In an alternative universe, Lana will reveal that she was an American spy and drop the fake Russian accent. She'd then manage a heel Roman Reigns. I don't think Rusev needs her but Reigns could benefit from Lana.


----------



## DoubtGin (Nov 24, 2013)

:lmao


----------



## sbzero546 (Aug 19, 2015)

Meh am still on last weeks Raw. Man I cant even finish an episode of raw in one day


----------



## Asmodeus (Oct 9, 2013)

RAW was so bad. Everything written in the cheapest, laziest way. Jericho/Ambrose was a bright spot marred only by the submission move on the table, which makes no sense, threw me out of the match so bad I was actually laughing by the end at the drunks behind them yelling, "Come on, Brosey!"

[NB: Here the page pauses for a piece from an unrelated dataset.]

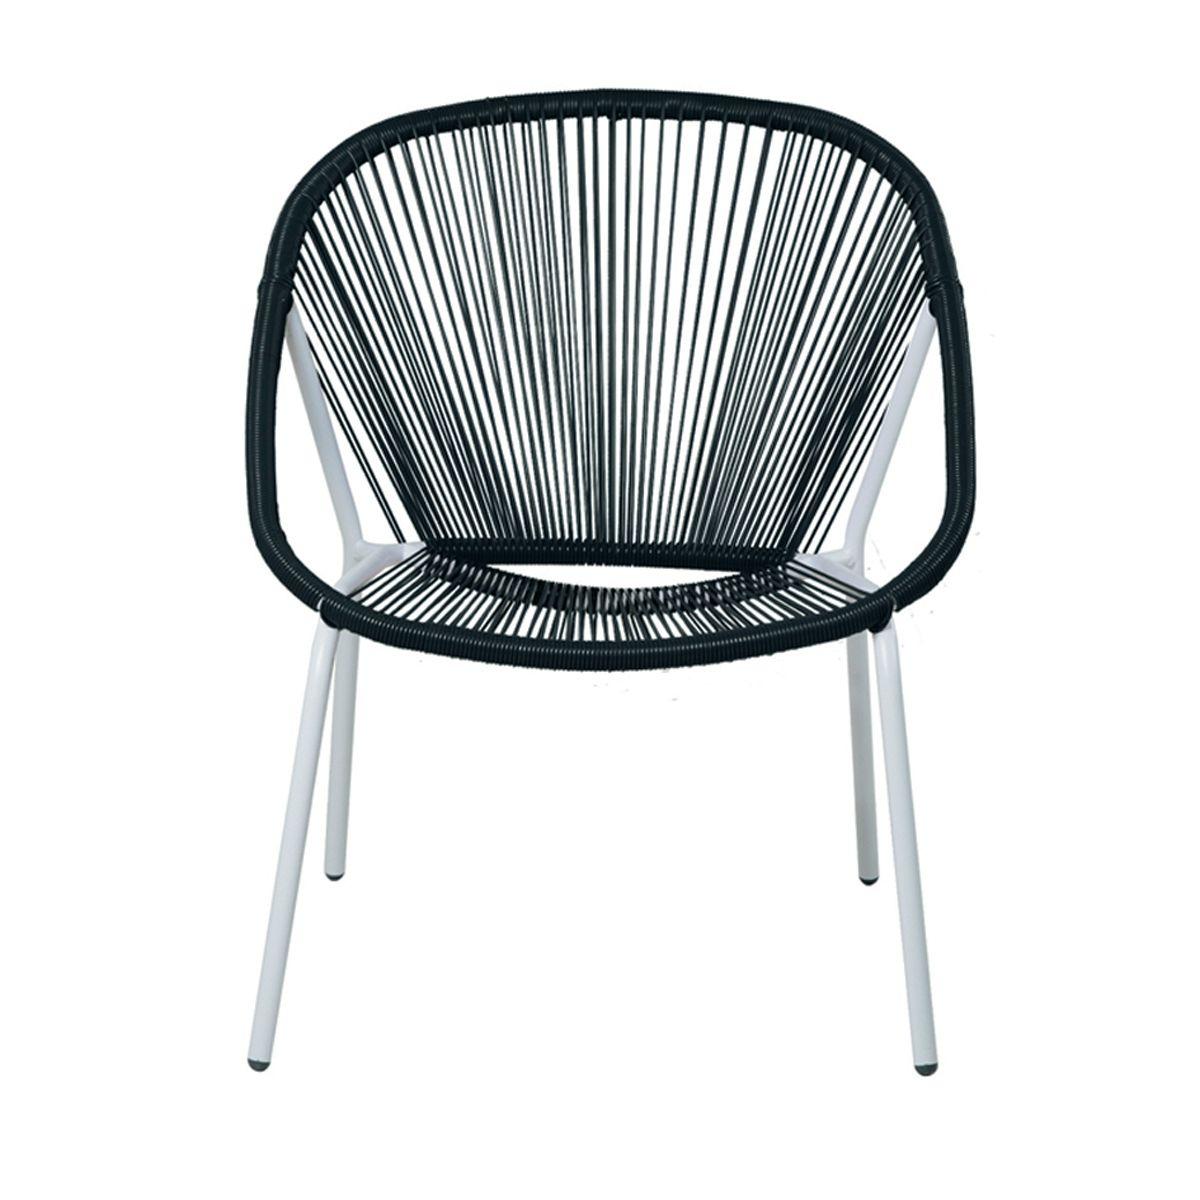 Leroy merlin tavoli da giardino plastica for Leroy merlin sedie esterno

Zayn, Rusev, Lana was a waste. Why is Lana a hooker now? Depressing to see talented performers doing that shit.

AJ/Sheamus was good, but a little off. I think they can have better matches when they've worked together a bit.

Usos/Roman/Gallows&Anderson was so terrible in every aspect. Roman/Del Rio was typical Roman Del Rio in that it was dreadful, they don't like working together and it shows. I was astounded at the ending. I was getting a bad feeling throughout the show that that's what it was going to be and sure enough. Ooops! It was all a big mistake! Here, I'll end this sadness right now:

Roman can write AJ a note and stick it in his locker before school starts.

Dear AJ,

Were you with those mean bullies that hit me yesterday? 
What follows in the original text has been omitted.